In calculus you will learn how to be more precise, noticing that using a smaller and smaller elapsed time the ratio between distance and time changes less and less; at that point you postulate that in this scenario only you may say that the limit (which is 0/0 and therefore indefinite) is the instantaneous speed. But the odometers don't care for instantaneous speed, so for the moment you shouldn't worry.

Answer 5

Hmm, apparently the other answerers' algebra classes were a lot more intense than mine...My answer's based on what I would have been comfortable with after basic algebra and geometry.

Basically, if you think graphically, instantaneous velocity is the slope of a line at a single point rather than over an interval. At least that's what you want. So, if you happen to be going at a constant velocity (any straight line on a position graph), you can just use the slope formula. Where calculus comes in is if you're dealing with an inconstant velocity (a curved line).

If that's not making sense right off, just try to realistically graph the movement of a car as it accelerates/decelerates, where the y-axis is position and the x-axis is time.

Using algebra, you can't take the slope of a curved line. What you can do is take the slope between two points on the curve. The closer these points get to each other, the closer the slope between them will approximate the actual slope of the curve. So, if the slope between t=5.001 min. and t=5.01 min. is 40, then that approximates the actual slope, and instantaneous velocity, at t=5.0055 min.

I don't think I can get much more specific/accurate without going into (pre-)calculus.

Answer 6

A state-variable kind of approach: (represents the physical states of a system)

Newton's first law of motion says that without external forces, masses will move at constant velocity. Every change in velocity (for a car, whether a change in speed due to braking, or a change in direction due to friction of the tires and the steering mechanism) is due to an external force.

So the "state" of the car at any instant in time is its velocity; distance traveled can be derived from velocity:

While you are going 60mi/hr = 26.8m/sec (see conversion factors) in a particular direction at constant velocity, you can multiply a change in time times velocity and get distance: 26.8m/sec = 26.8 meters in one second. Or 26.8mm in one millisecond. Or 26.8 micrometers in one microsecond.

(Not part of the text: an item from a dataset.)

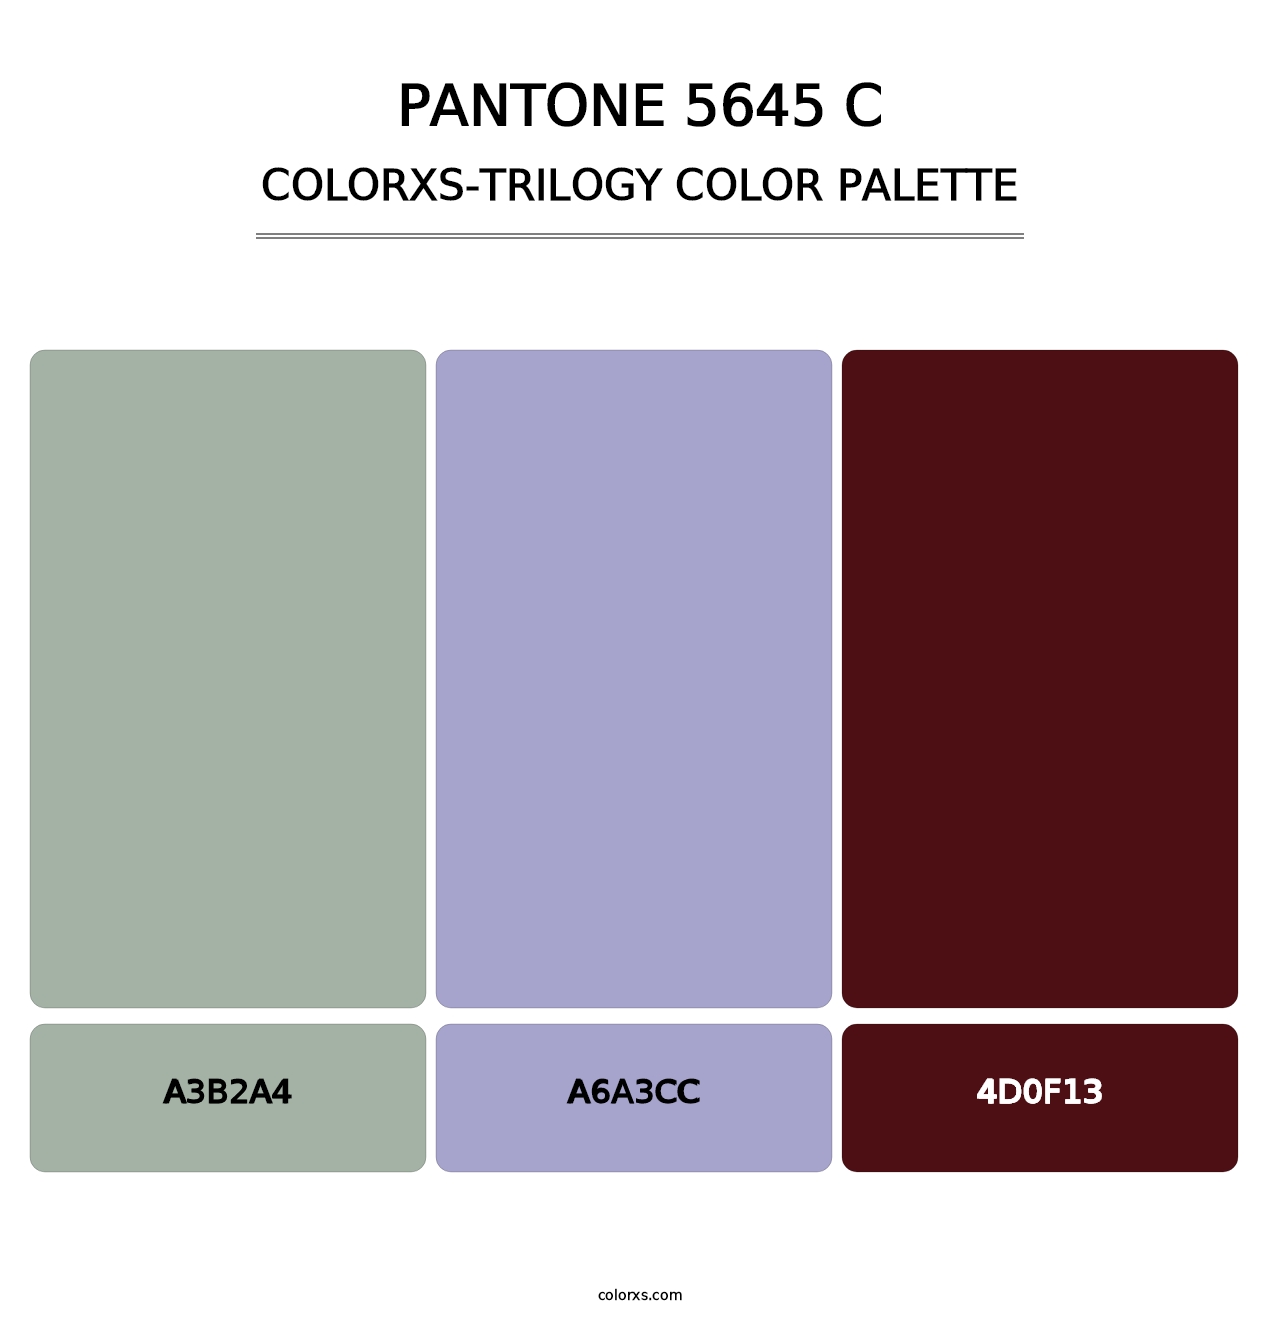 PANTONE 5645 C - Colorxs Trilogy Palette

The process of going from velocity to (directed) distance is called integration, and for those two variables (velocity and directed distance) is just the summing up of distance increments (= velocity * time increments) over infinitesimally short periods of time. For smoothly varying velocities, coarse time increments are a good approximation to reality -- differential equation solvers use this or similar approaches (e.g. Simpson's Rule) to perform integration.

But instantaneous velocity...you aren't measuring average speed for a given amount of time

Well, instantaneous velocity is just the limit of average velocity as the time period becomes infinitely small.